COMMONWEALTH OF PENNSYLVANIA
v.
DAVID CHERRY. APPEAL OF HAROLD L. RANDOLPH, ESQ.



COUNSEL

Abraham J. Brem Levy, Philadelphia, for appellant.

F. Emmett Fitzpatrick, Dist. Atty., Steven H. Goldblatt, Asst. Dist. Atty., Chief, Appeals Div., Abraham J. Gafni, Deputy Dist. Atty., for appellee.

Jones, C. J., and Eagen, O'Brien, Roberts, Pomeroy and Manderino, JJ. Mr. Justice Pomeroy filed an Opinion in Support of Affirmance in which Mr. Chief Justice Jones and Mr. Justice Eagen joined. Mr. Justice Manderino filed an Opinion in Support of Reversal in which Mr. Justice O'Brien and Mr. Justice Roberts joined. Mr. Justice Nix did not participate in the consideration or decision of this case.

Author: Per Curiam

[ 467 Pa. Page 162]

ORDER

Mr. Chief Justice Jones, Mr. Justice Eagen and Mr. Justice Pomeroy would affirm the order of the trial court. Mr. Justice O'Brien, Mr. Justice Roberts and Mr. Justice Manderino would reverse the order of the trial court. This Court being equally divided, the order of the trial court remains in effect.

Opinion IN SUPPORT OF AFFIRMANCE OF THE ORDER

POMEROY, Justice.

In the trial below, appellant, Harold L. Randolph, Esquire, was held in contempt of court for remarks he made to the jury during his closing argument in disregard of a direction by the trial judge not to make such comments. It was the considered opinion of the trial judge and the court en banc that this conduct transcended the bounds of permissible advocacy. The opinion in opposition to affirmance of the lower court's order would reverse the finding of contempt and excuse appellant's comments as "injudicious" remarks uttered in the course of his attempt zealously to represent his client. I cannot agree, and would affirm the order of the court below.

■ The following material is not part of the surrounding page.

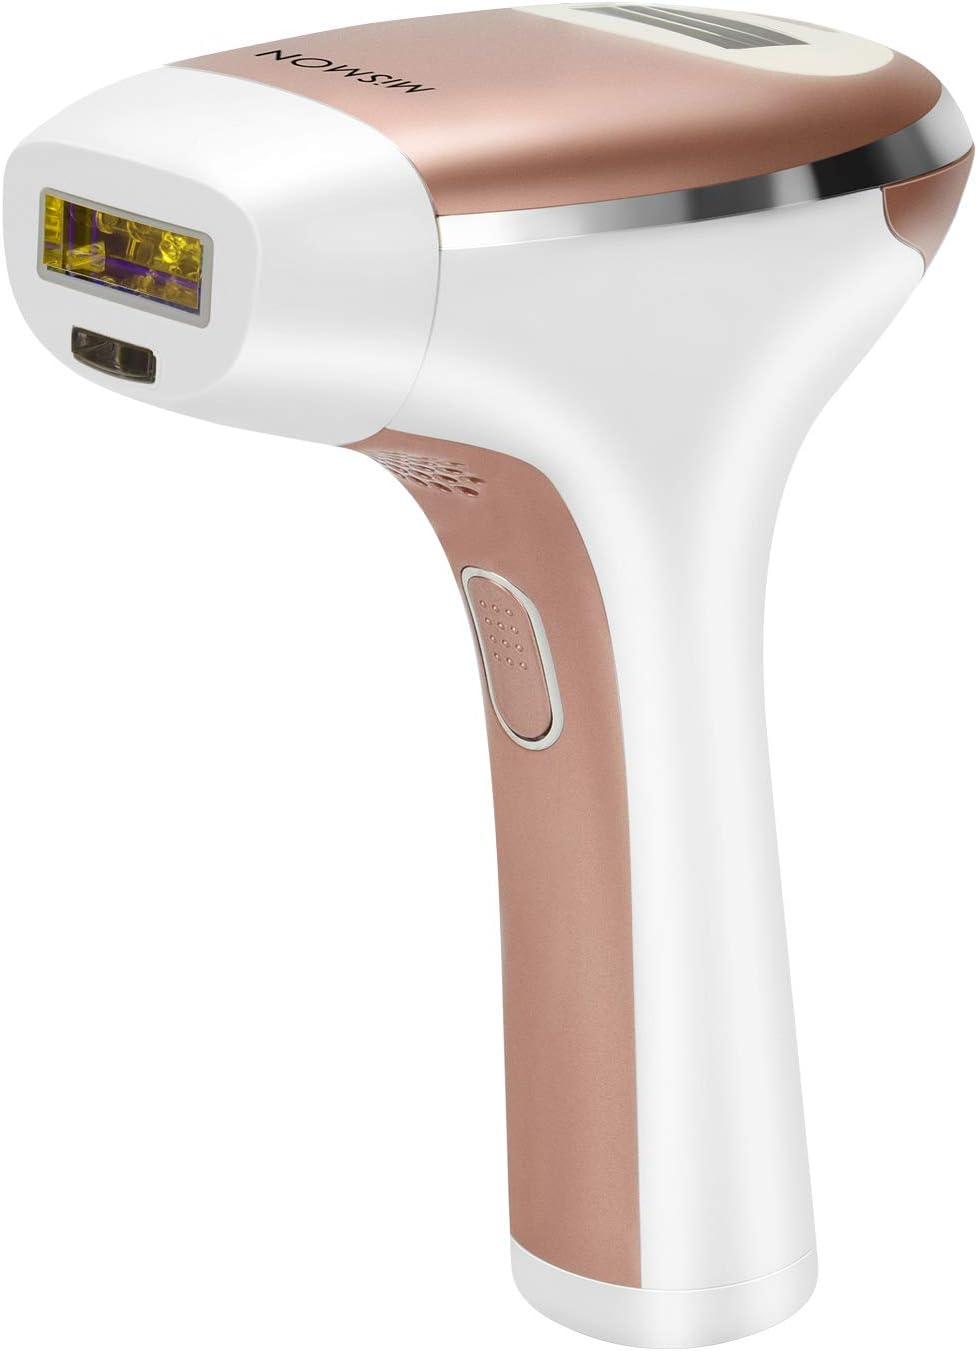 Buy Permanent Hair Removal MiSMON IPL Hair Removal for WomenMen at-Home  Hair Removal Machine for BikiniLegsUnderarmArmBody with Skin Color Sensor -  ...

The Code of Professional Responsibility does impose upon a lawyer the duty to represent his client zealously within the bounds of the law. See Code of Professional Responsibility, Canon 7, 42 Pa.C.S. (Effective

[ 467 Pa. Page 163]

February 27, 1974). Since the effectiveness of our adversary system depends in large measure upon the fulfillment of this duty, lawyers must be allowed broad latitude to engage in vigorous advocacy. This latitude does not, however, provide a lawyer with a license to ignore an equally fundamental duty owed to the court. A lawyer is an officer of the court as well as an advocate of his client's cause. As such he is duty bound not to "engage in undignified or discourteous conduct which is degrading to a tribunal." Code of Professional Responsibility, DR 7-106(C)(6), EC 7-36, 42 Pa.C.S. (Effective February 27, 1974). See also ABA Standards, The Defense Function ยง 7.1. (1971). Such degrading conduct tends to undermine the public's confidence in the capacity of our judicial system to render objective judgments based upon a rational evaluation of properly considered evidence. While the line between zealous advocacy and engaging in discourteous conduct may be a fine one, it is a line which nevertheless must be observed if courts are to continue to adjudicate disputes in an atmosphere of trust and cooperation. In the instant case, this line has been clearly transgressed.

The standards which must govern the issuance of a contempt order have been well summarized by Chief Justice Horace Stern:

"Generally speaking, one is guilty of contempt when his conduct tends to bring the authority and administration of the law into disrespect. The right to punish for such contempt is inherent in all courts. When it is committed in its presence the court may, in punishing the offender, act of its own knowledge without further process, proof, or examination. Such power, 'although arbitrary in its nature and liable to abuse, is absolutely essential to the protection of the courts in the discharge of their functions'. ...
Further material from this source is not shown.